Perkembangan Moral Remaja
Istilah
moral berasal dari kata Latin "mos" (Moris), yang berarti adat
istiadat, kebiasaan, peraturan/niali-nilai atau tata cara kehidupan. Sedangkan
moralitas merupakan kemauan untuk menerima dan melakukan peraturan, nilai-nilai
atau prinsip-prinsip moral. Nilai-nilai moral itu, seperti:
1. Seruan untuk berbuat baik kepada orang
lain, memelihara ketertiban dan keamanan, memelihara kebersihan dan memelihara
hak orang lain, dan
2. Larangan mencuri, berzina, membunuh, meminum-minumanan
keras dan berjudi.
Seseorang
dapat dikatakan bermoral, apabila tingkah laku orang tersebut sesuai dengan
nilai-nilai moral yang dijunjung tinggi oleh kelompok sosialnya. Sehingga tugas
penting yang harus dikuasai remaja adalah mempelajari apa yang diharapkan oleh
kelompok daripadanya dan kemudian mau membentuk perilakunya agar sesuai dengan
harapan sosial tanpa terus dibimbing, diawasi, didorong, dan diancam hukuman
seperti yang dialami waktu anak-anak.
Remaja
diharapkan mengganti konsep-konsep moral yang berlaku umum dan merumuskannya ke
dalam kode moral yang akan berfungsi sebagai pedoman bagi perilakunya.
Tidak
kalah pentingnya, sekarang remaja harus mengendalikan perilakunya sendiri, yang
sebelumnya menjadi tanggung jawab orang tua dan guru. Mitchell telah
meringkaskan lima perubahan dasar dalam moral yang harus dilakukan oleh remaja
yaitu:
1). Pandangan moral individu semakin lama
semakin menjadi lebih abstrak dan kurang konkret.

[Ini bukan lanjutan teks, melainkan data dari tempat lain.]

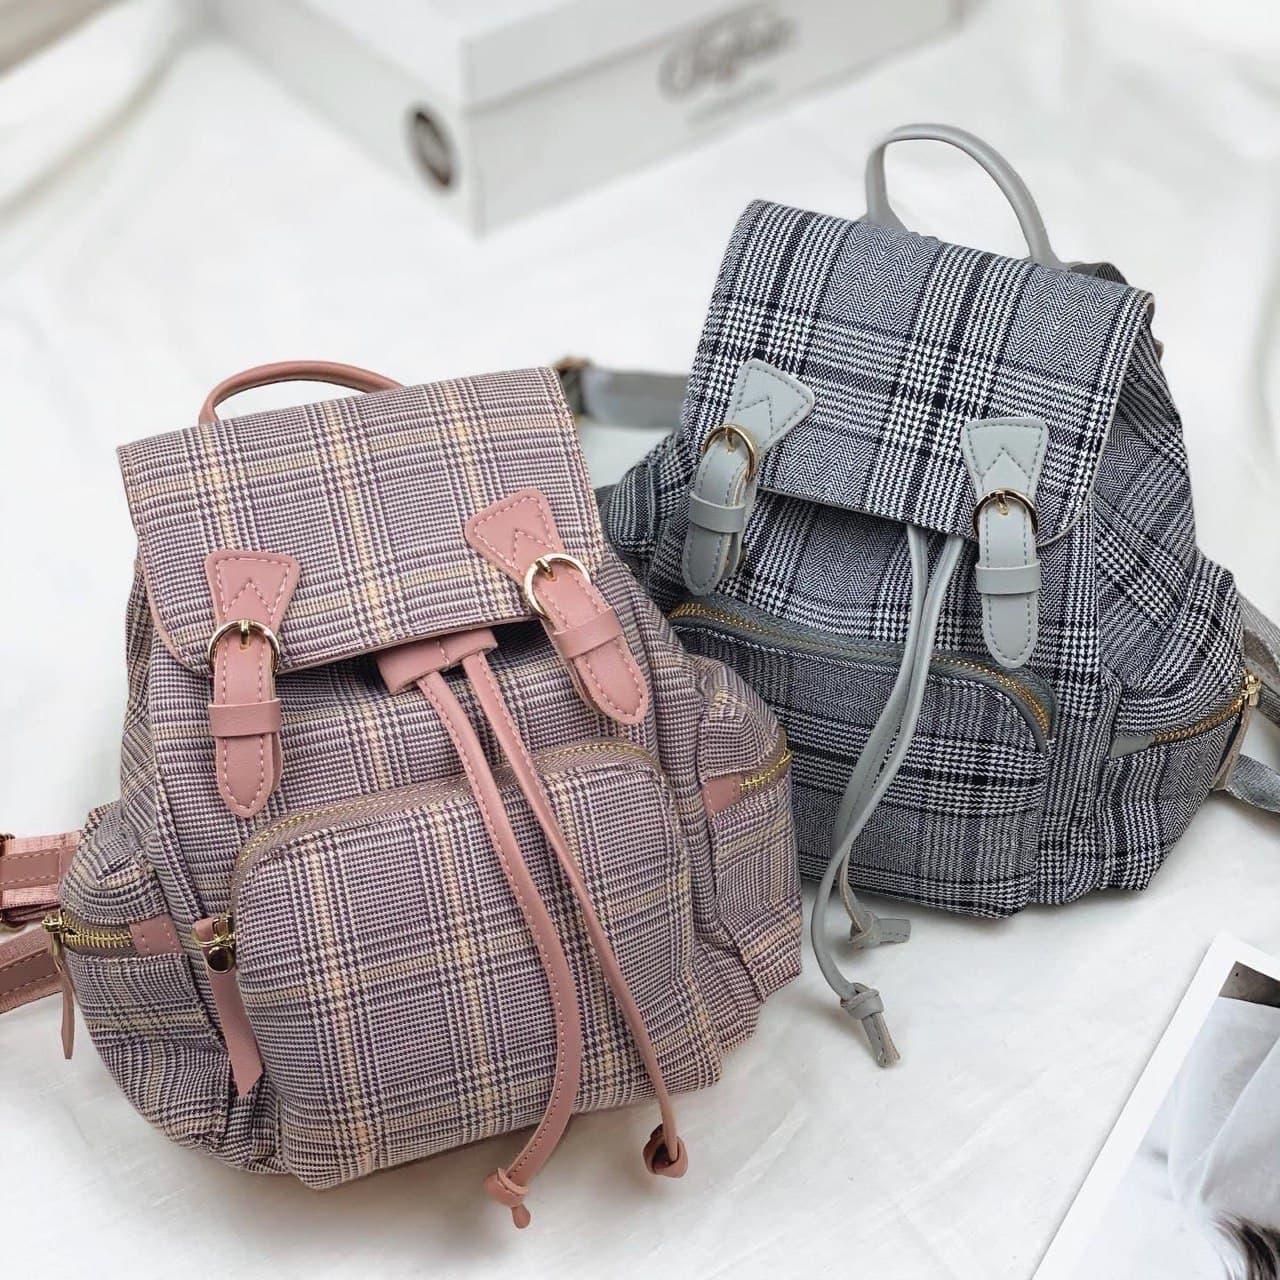 Невеликий рюкзак твідовий

2). Keyakinan moral lebih berpusat pada
apa yang benar dan kurang pada apa yang salah. Keadilan muncul sebagai kekuatan
moral yang dominant.
3). Penilaian moral menjadi semakin
kognitif. Ia mendorong remaja lebih berani menganalisis kode social dan kode
pribadi dari pada masa anak-anak dan berani mengambil keputusan terhadap
berbagai masalah moral yang dihadapinya.
4). Penilaian moral menjadi kurang
egosentris.
5). Penilaian moral secara psikologis
menjadi lebih mahal dalam arti bahwa penilaian moral merupakan bahan emosi dan
menimbulkan ketegangan psikologis.
Pada
masa remaja, laki-laki dan perempuan telah mencapai apa yang oleh Piaget
disebut tahap pelaksanaan formal dalam kemampuan kognitif. Sekarang remaja
mampu mempertimbangkan semua kemungkinan untuk menyelesaikan suatu masalah dan
mempertanggungjawabkannya berdasarkan suatu hipotesis atau proporsi. Jadi ia
dapat memandang masalahnya dari berbagai sisi dan menyelesaikannya dengan
mengambil banyak faktor sebagai dasar pertimbangan.
Menurut
Kohlberg, tahap perkembangan moral ketiga, moral moralitas pascakonvensional
harus dicapai selama masa remaja.tahap ini merupakan tahap menerima sendiri
sejumlah prinsip dan terdiri dari dua tahap. Dalam tahap pertama individu yakin
bahwa harus ada kelenturan dalam keyakinan moral sehingga dimungkinkan adanya
perbaikan dan perubahan standar apabila hal ini menguntungkan anggota-anggota
kelompok secara keseluruhan. Dalam tahap kedua individu menyesuaikan dengan
standar sosial dan ideal yang di internalisasi lebih untuk menghindari hukuman
terhadap diri sendiri daripada sensor sosial. Dalam tahap ini, moralitas
didasarkan pada rasa hormat kepada orang-orang lain dan bukan pada keinginan
yang bersifat pribadi.
Ada tiga tugas pokok remaja dalam
mencapai moralitas remaja dewasa, yaitu:
1). Mengganti konsep
moral khusus dengan konsep moral umum.
2). Merumuskan konsep moral yang
baru dikembangkan ke dalam kode moral sebagai kode prilaku.
3). Melakukan
pengendalian terhadap perilaku sendiri.
Perkembangan
moral adalah salah satu topic tertua yang menarik minat mereka yang ingin tahu
mengenai sifat dasar manusia. Kini kebanyakan orang memiliki pendapat yang kuat
mengenai tingkah laku yang dapat diterima dan yang tidak dapat di terima,
tingkah laku etis dan tidak etis, dan cara-cara yang harus dilakukan untuk
mengajarkan tingkah laku yang dapat diterima dan etis kepada remaja.
Perkembangan
moral (moral development) berhubungan dengan peraturan-peraturan dan
nilai-nilai mengenai apa yang harus dilakukan seseorang dalam interaksinya
dengan orang lain. Anak-anak ketika dilahirkan tidak memiliki moral (imoral).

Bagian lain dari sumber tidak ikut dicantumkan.